— Source information —
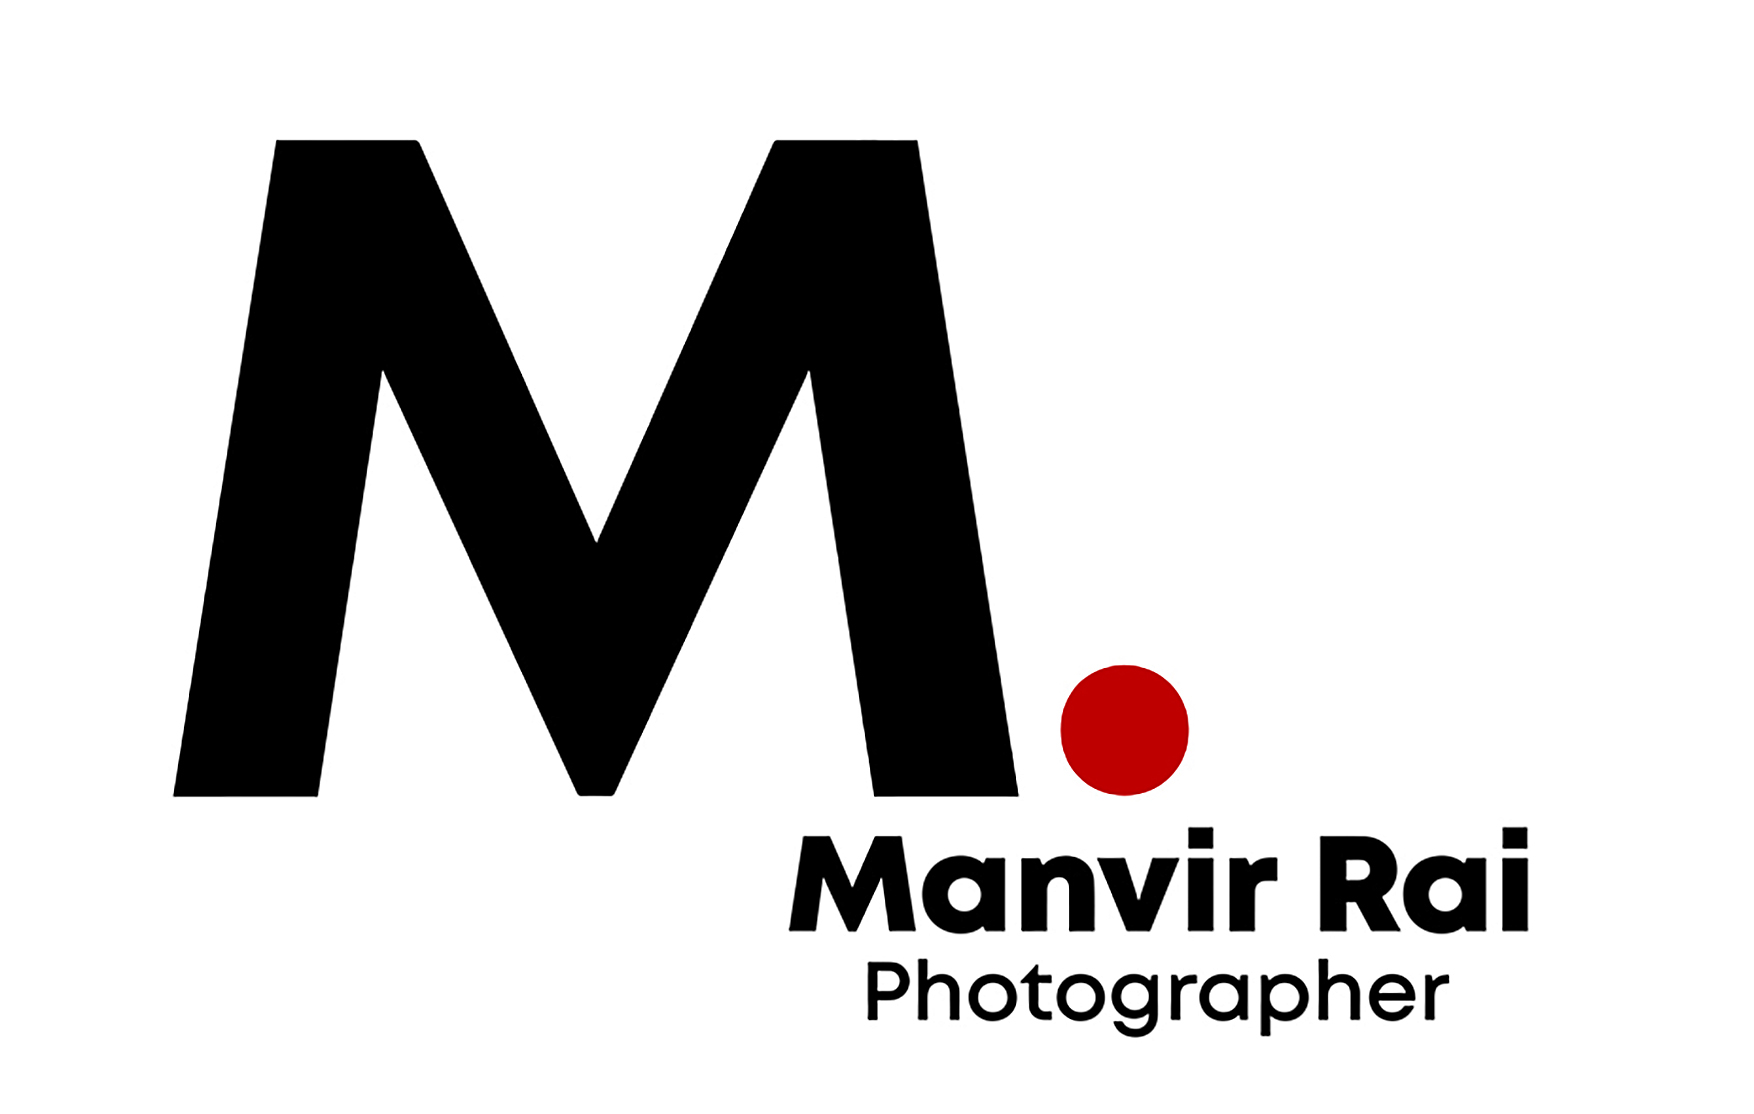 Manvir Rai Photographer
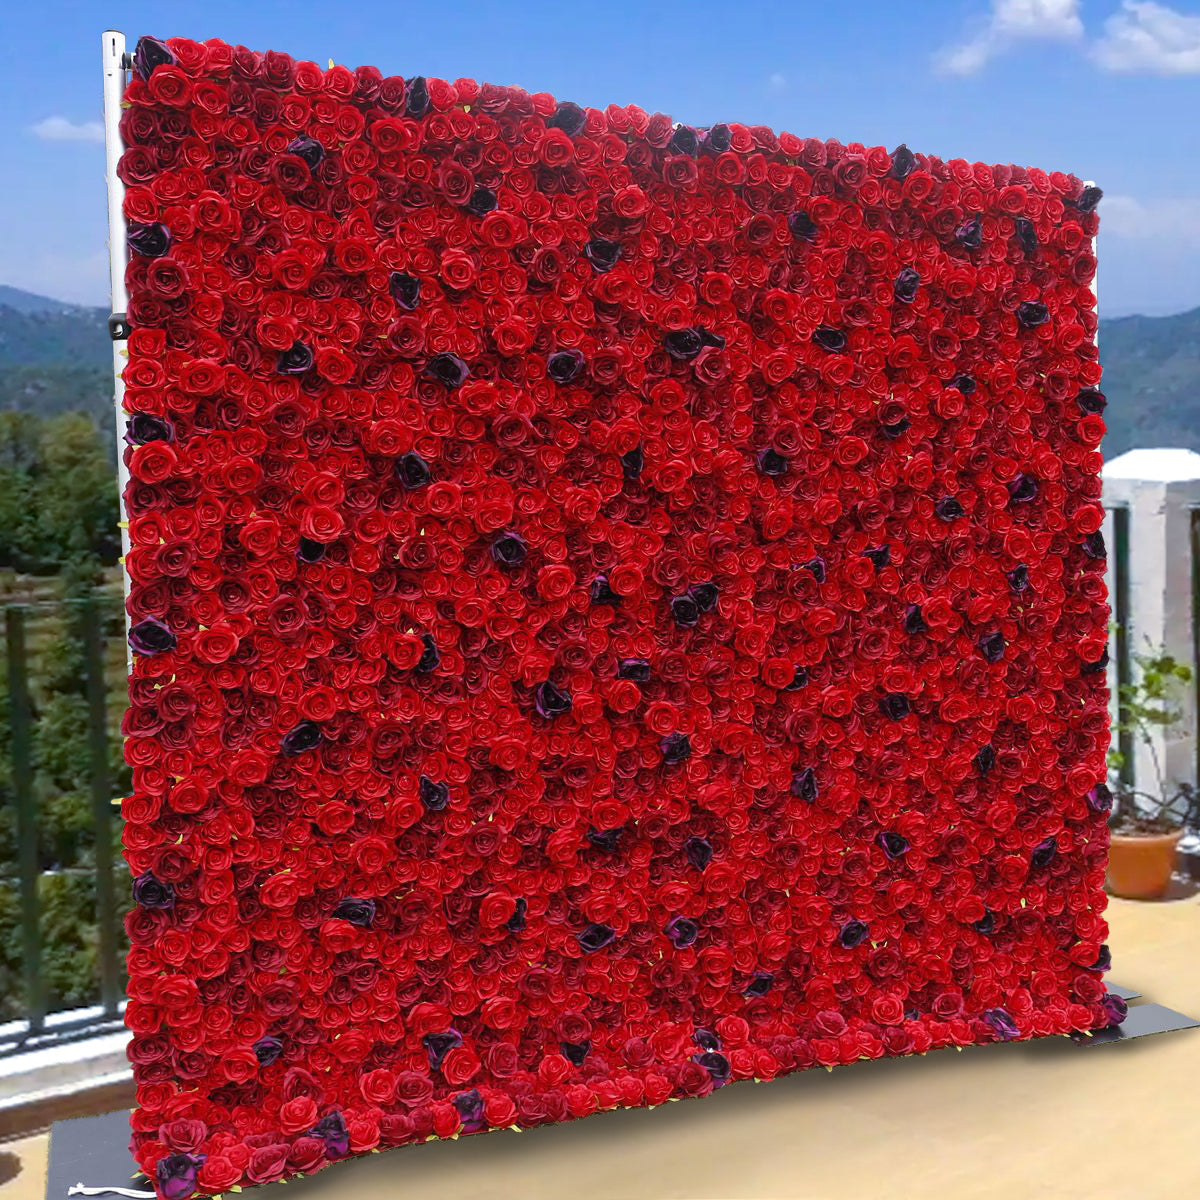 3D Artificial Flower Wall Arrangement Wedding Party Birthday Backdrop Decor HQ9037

==

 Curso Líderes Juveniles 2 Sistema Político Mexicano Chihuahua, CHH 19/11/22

— Work order —
Among the entries above, find the line with "Manvir Rai Photographer" and repeat exactly from there through the line with "3D Artificial Flower", leaving out the pictures.

— Response —
 Manvir Rai Photographer
 3D Artificial Flower Wall Arrangement Wedding Party Birthday Backdrop Decor HQ9037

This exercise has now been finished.